ASSIGNMENT — Copy exactly the stretch of data below from the line with "Nttdocomo.co.jp - Website" through the line with "DURACOAT | Men's Waterproof Long Coat - Grey", including both of those lines.

DATA RECORDS —
════════════════

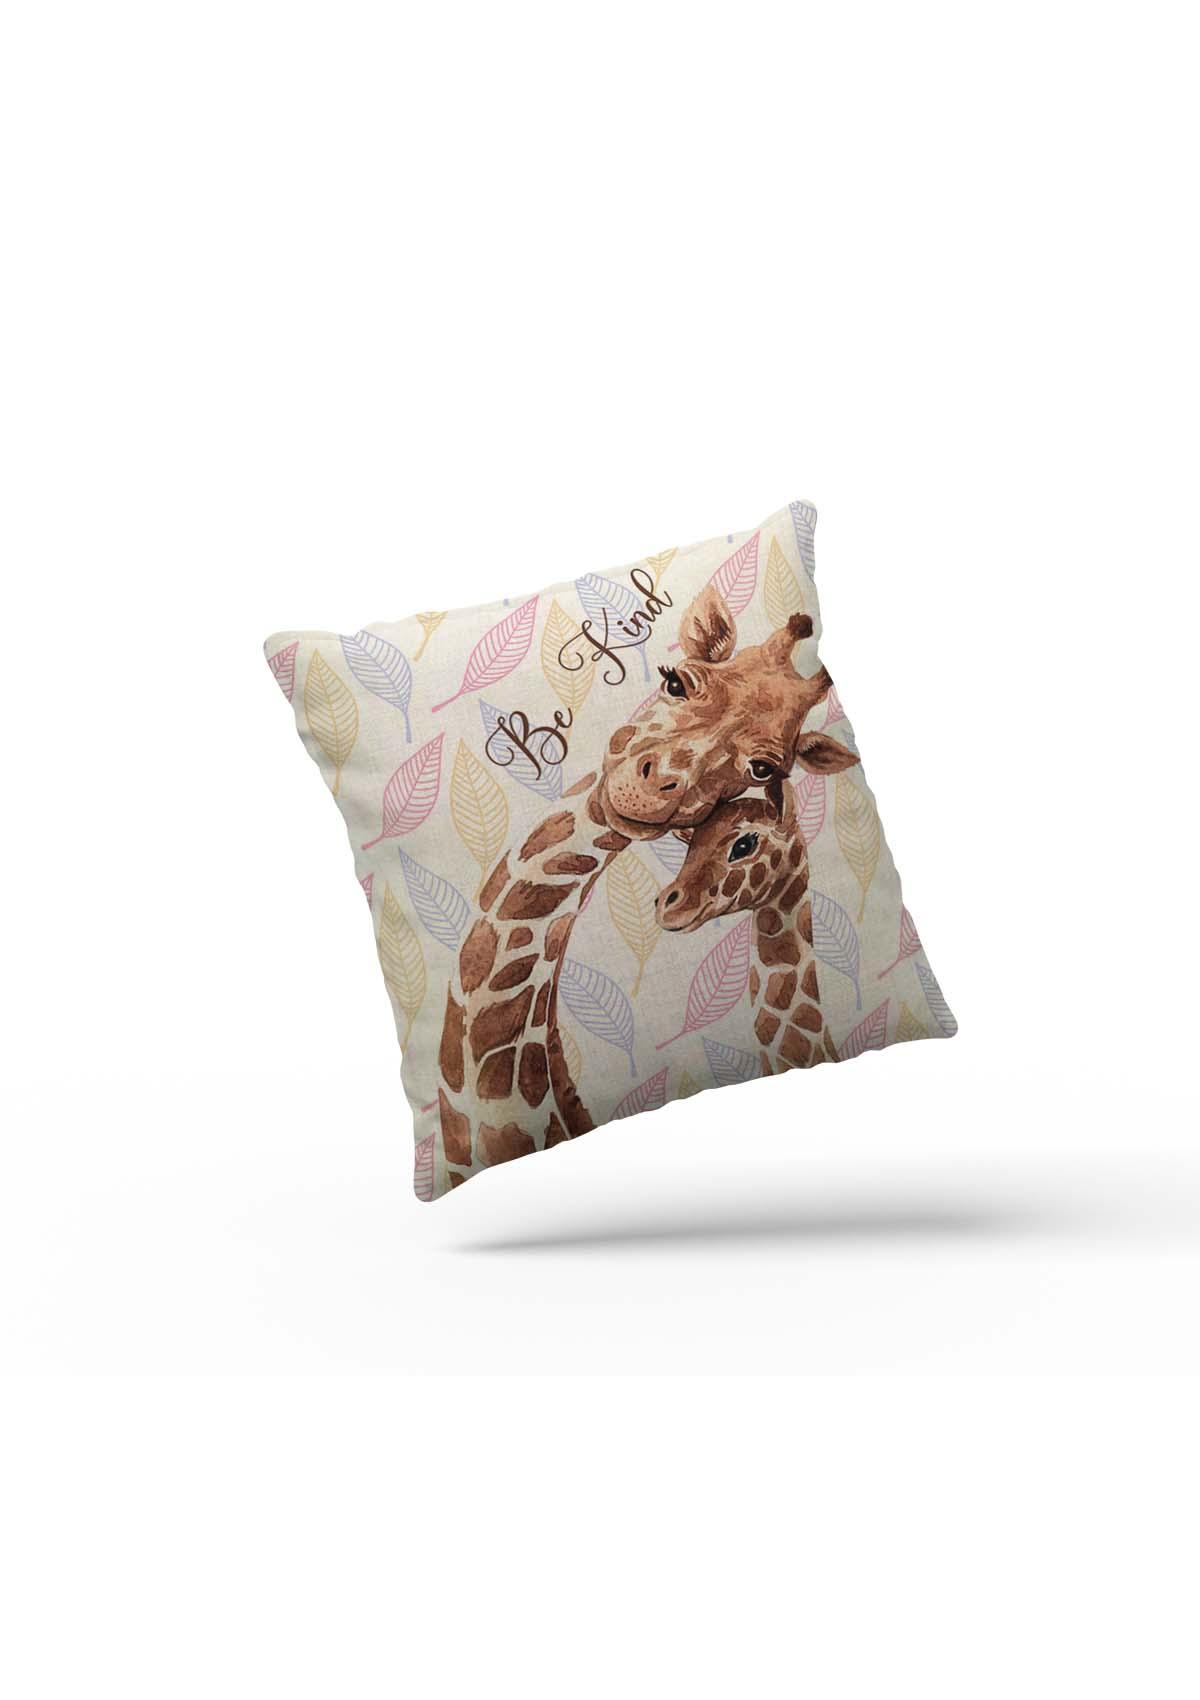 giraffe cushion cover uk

════════════════

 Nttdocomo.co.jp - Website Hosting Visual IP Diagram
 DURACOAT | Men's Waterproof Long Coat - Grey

════════════════

RESPONSE BOX —
 Nttdocomo.co.jp - Website Hosting Visual IP Diagram
 DURACOAT | Men's Waterproof Long Coat - Grey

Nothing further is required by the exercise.